Thousands of people took to the streets of cities across Ukraine on Thursday to protest the dismissal of Mykhailo Fedorov, the country’s young and tech-minded defense minister, just six months into his tenure.
The demonstrations were only the second large street protests in Ukraine during more than four years of war. Rallies also took place last year against a move by President Volodymyr Zelensky to neuter anticorruption agencies.
On Thursday, protesters poured into a square in central Kyiv, the capital. They turned out in Odesa, in the south, and in Lviv, in the west. In the frontline city of Kharkiv, in the northeast, more than 300 protesters with cardboard signs crowded sidewalks, chanting “Shame, shame, shame!” Their numbers grew as the morning wore on.
“Hands off Fedorov!” one sign read. “Why break what’s working?” read another.
The protesters were dismayed that Mr. Zelensky had ousted his defense minister just as many military analysts were saying the war had turned in Ukraine’s favor. The shift is more marked than any since the conflict’s first months, when Russia endured a series of defeats.
Mr. Fedorov, 35, is a prominent proponent of the use of unmanned systems in the war. He had come to symbolize Ukraine’s success in using long-range drones to strike military and oil industry targets inside Russia and to wage an intense campaign to cut off occupied Crimea.
His removal prompted despair among many protesters, who saw it as a victory for an old guard inside the military and for a defense industry that had disagreed with his vision for the future of war.
Variations of “Fedorov is innovation, old grandpas are degeneration” appeared on many of the cardboard signs.
In Kharkiv, Maria Chaplihina, 12, stood quietly with her grandfather, holding a sign that read “Bring Back Fedorov.” It was her first time protesting, Maria said. Most of her friends were home, she added, but she felt it was important to come out and make her feelings known.
Winning the war is the most important thing, she said, and Mr. Fedorov had been doing great work.
“Our president wants to overthrow him because he’s doing a good job,” she said. “People don’t like it, and neither do I.”
“We want the president to hear us,” she added, as her grandfather looked on, proud of her English and her civic sensibility. “We need to speak.”
The call for Thursday’s street protests came from Dmytro Koziatynsky, a war veteran who in July orchestrated the demonstrations against Mr. Zelensky’s crackdown on anticorruption agencies.
Those demonstrations, known as the “cardboard protests” for their hastily drawn signs, ultimately led Mr. Zelensky to reverse course.
On Thursday, at least 1,000 people gathered in the square in central Kyiv, at a spot within earshot of Mr. Zelensky’s office on Bankova Street. The crowd of mostly young people stamped their feet, waving signs and demanding the resignation of Oleksandr Syrskyi, the commander in chief of the Ukrainian armed forces, who had reportedly clashed with Mr. Fedorov.

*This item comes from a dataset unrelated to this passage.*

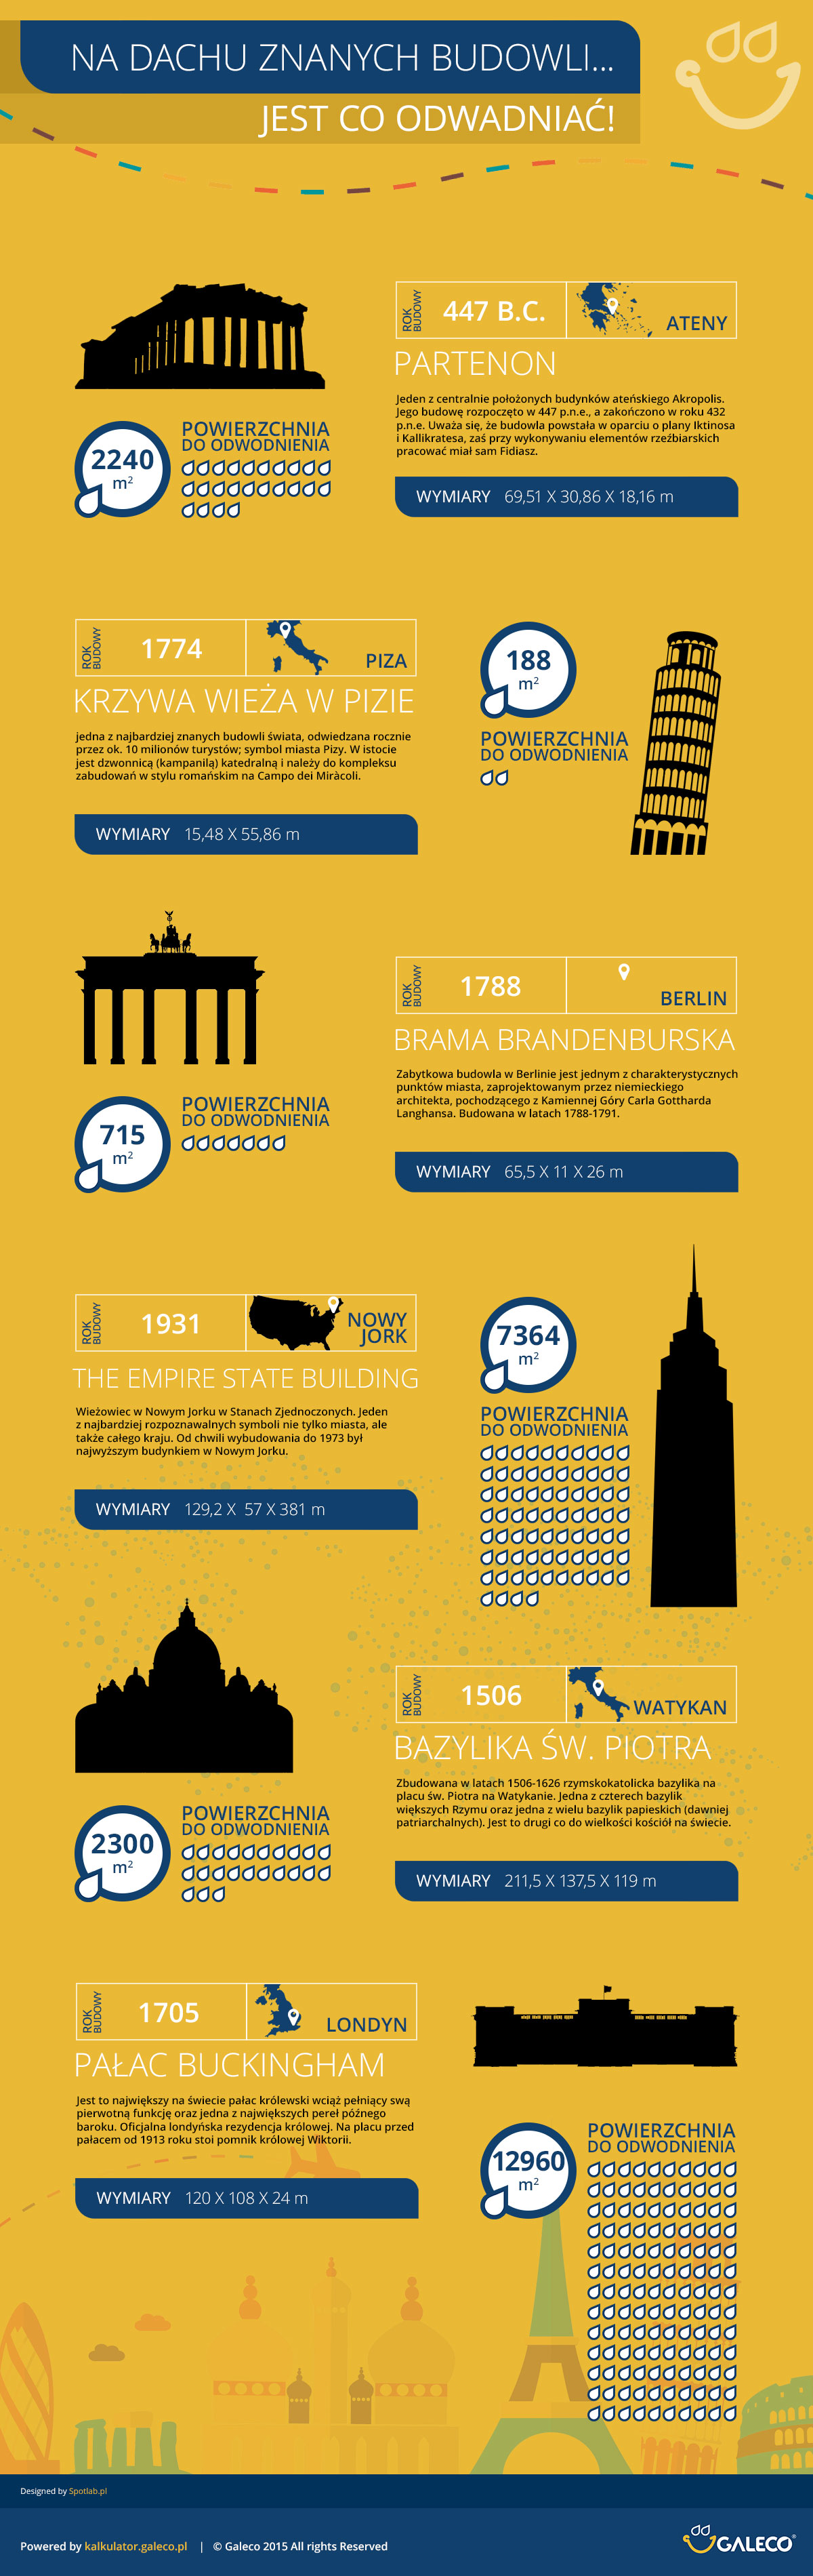 Galeco<br />- Infografika: Znane budowle - jest co odwadniać!

“I really worry about what is happening now,” said Andriy Fedun, 54, a retired psychologist.
He said he previously supported Mr. Zelensky, admiring the president’s diplomacy in rallying the world to Ukraine’s side, but believed that firing a popular defense minister just as the war turned in Ukraine’s favor was a mistake.
“The Russians dream of our having internal problems,” he said. “Why remove him now?”
There was no immediate response from Mr. Zelensky on Thursday as images of protests ricocheted across social media. At least one senior military official said he was resigning in protest: Col. Pavlo Yelizarov, the deputy commander of Ukraine’s Air Forces.
“This is a great evil for the country’s defense capability,” he wrote in a Facebook post alongside a resignation letter, warning that abandoning Mr. Fedorov’s strategic air-defense reforms would lead to more damage from Russian strikes.
Nataliia Novosolova contributed reporting.